Unified E-field calculation method supporting multiple modes.

This consolidated method replaces getEFieldMultipole(), getEfield_acrossBond(), and getEfield_decomposable() to eliminate code duplication while preserving all functionality.

Parameters:
  • charge_types (str or list of str) – Charge partitioning scheme. If a list is provided, only the first entry is used. Options: ‘Hirshfeld’, ‘Becke’, ‘Hirshfeld_I’, etc. When pdb_charge_paths is provided, this value is used for labeling only.

  • Efielddata_filename (str) – Output CSV filename (without extension).

  • multiwfn_path (str) – Path to Multiwfn executable.

  • multipole_bool (bool, optional) – If True, use multipole expansion; if False, use monopole charges (default: False).

  • input_bond_indices (list, optional) – Bond indices as list of tuples [(atomA, atomB), …]. If empty, bonds are auto-found using metal indices (esp_atom_idx). If provided, bonds are used as-is unless auto_find_bonds=True.

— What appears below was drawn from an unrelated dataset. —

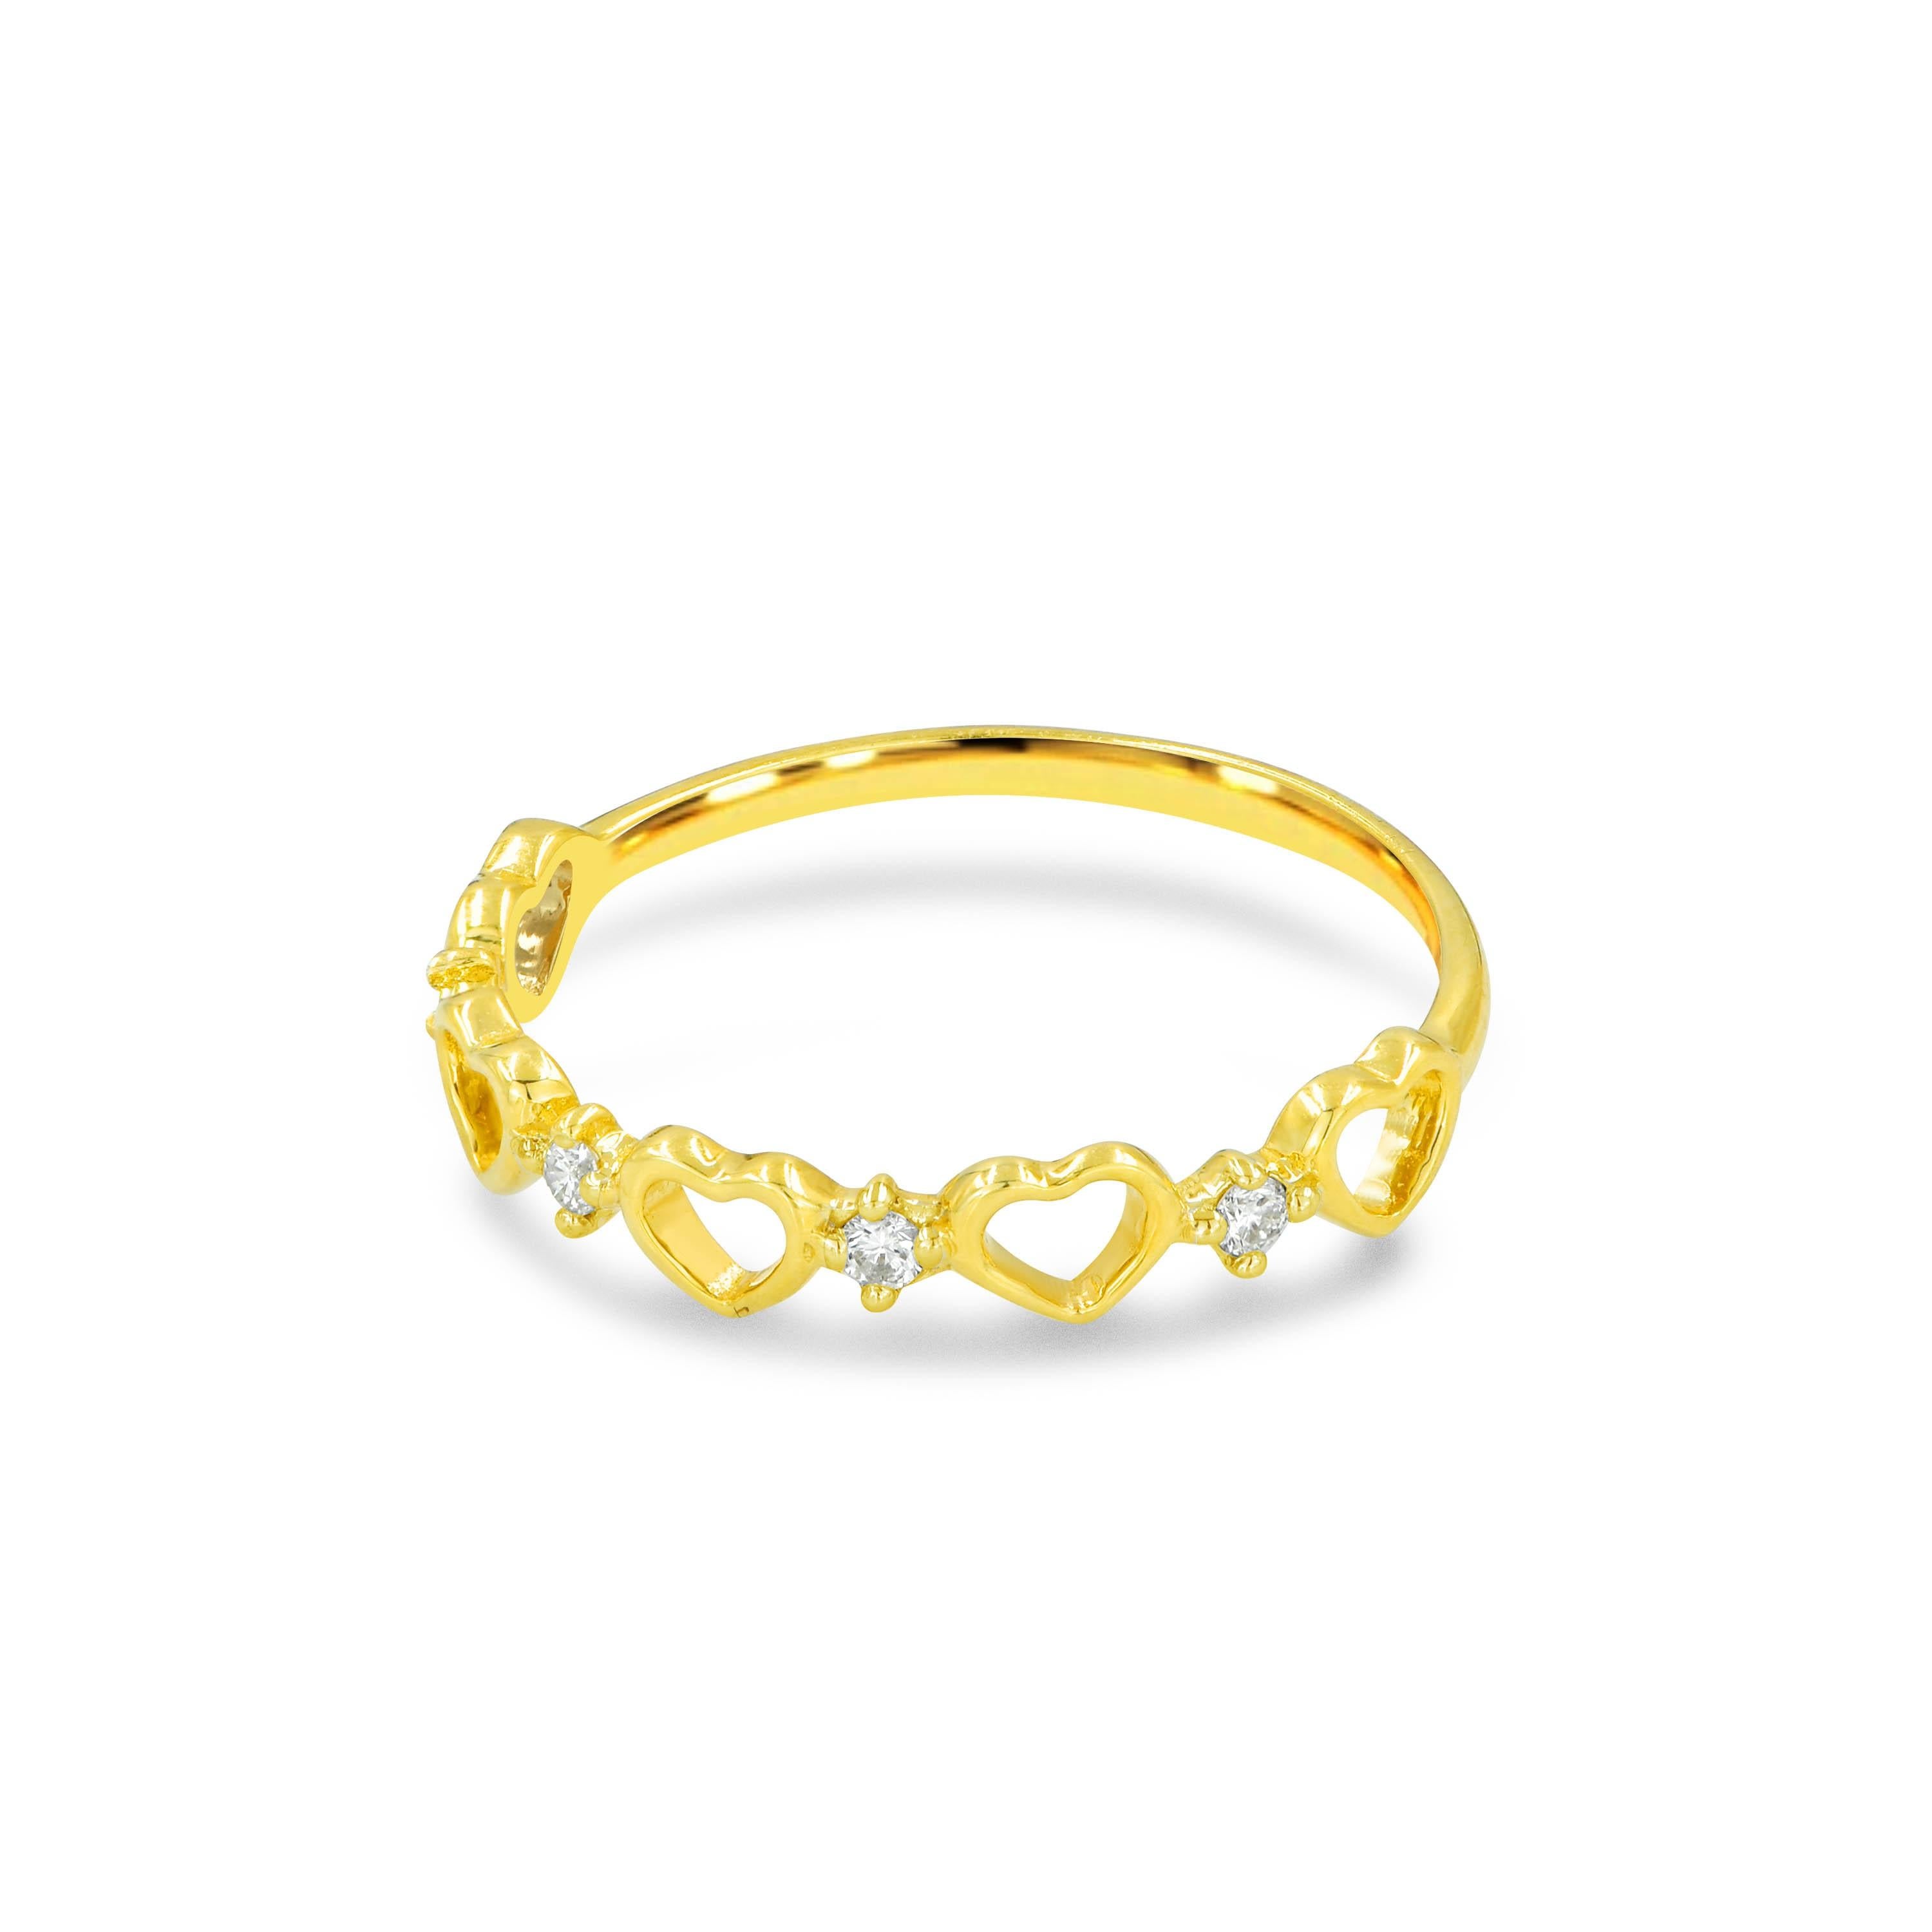 For Sale:  18k Gold 0.07 Carat Diamond Heart Ring 5

  • auto_find_bonds (bool, optional) – If True, automatically find bonds to adjacent atoms using getBondedAtoms() and ignore input_bond_indices (default: False).

  • save_atomwise_decomposition (bool, optional) – If True, save atom-wise E-field decomposition to CSV (default: False).

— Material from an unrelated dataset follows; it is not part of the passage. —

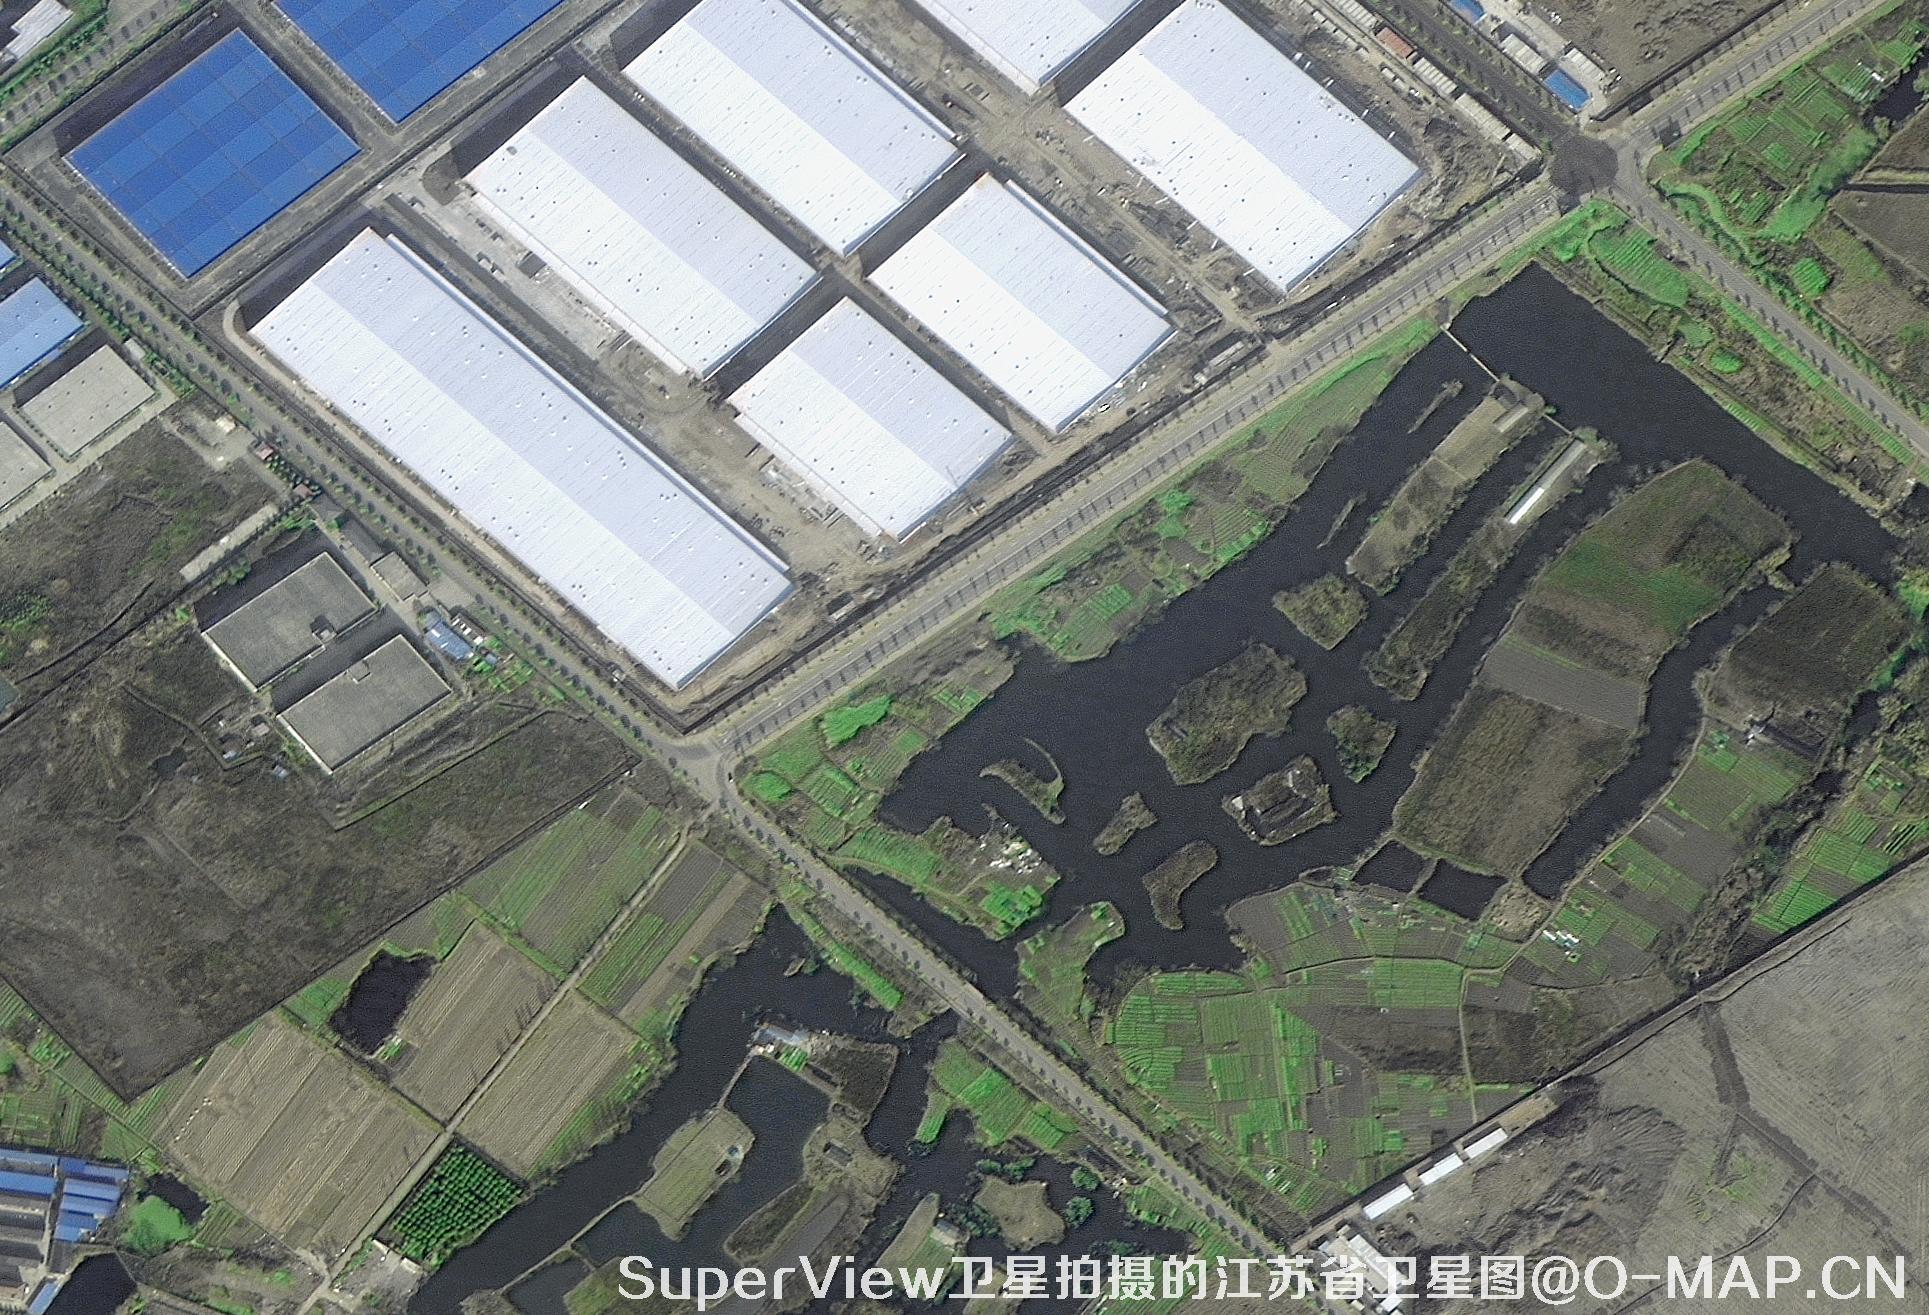 SuperView卫星拍摄的江苏省句容市卫星图

  • visualize (bool or None, optional) – Override config visualization settings. None uses config defaults (default: None).

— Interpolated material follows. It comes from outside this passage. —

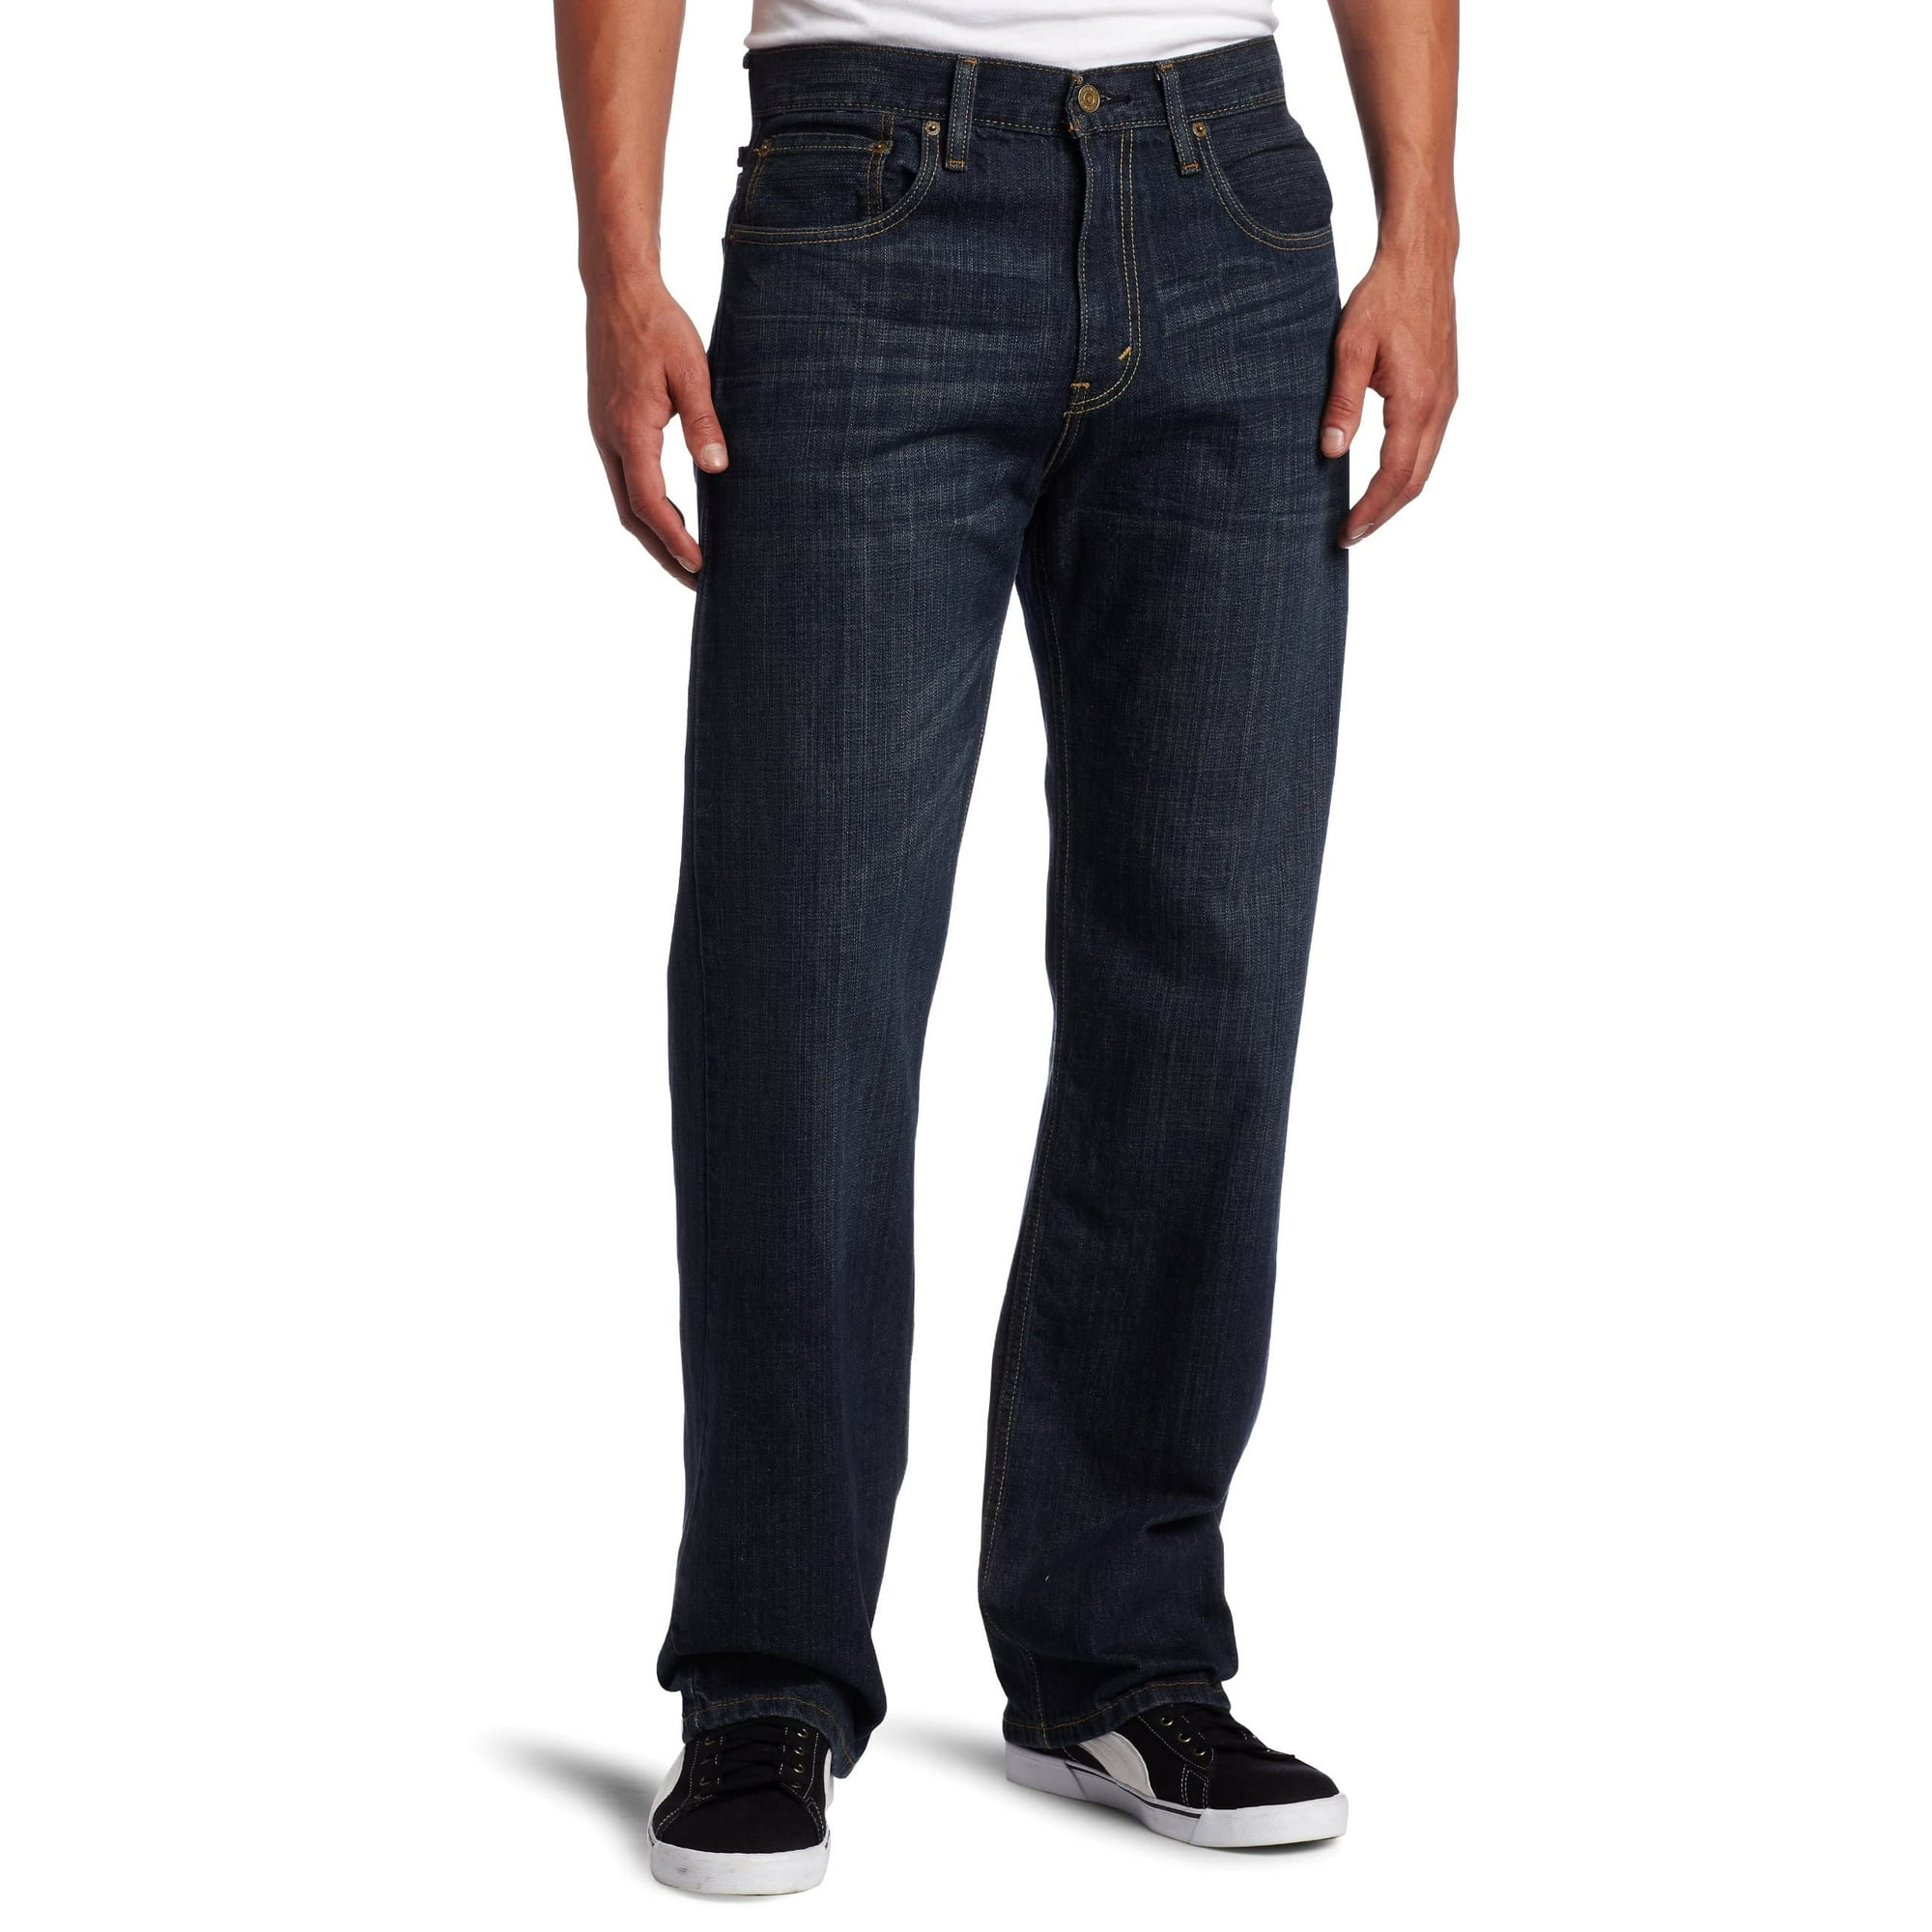 Levi's Men's 569 Loose Straight Jean, Dark Chipped, 34x34 | Walmart Canada

  • dielectric (float, optional) – Dielectric constant (default: 1).

  • dielectric_scale (float, optional) – Scaling factor for point charges. Point charge contributions are scaled by 1/sqrt(dielectric_scale). Typically used in QM/MM calculations (default: 1).

  • includePtChgs (bool or None, optional) – Override object-level includePtChgs setting for this calculation. If None, uses object-level setting (default: None).

  • ptchg_paths (list of str or None, optional) – Override point charge file paths for this calculation. List of paths (one per job), with None for jobs without point charges. If provided, takes precedence over object-level settings (default: None).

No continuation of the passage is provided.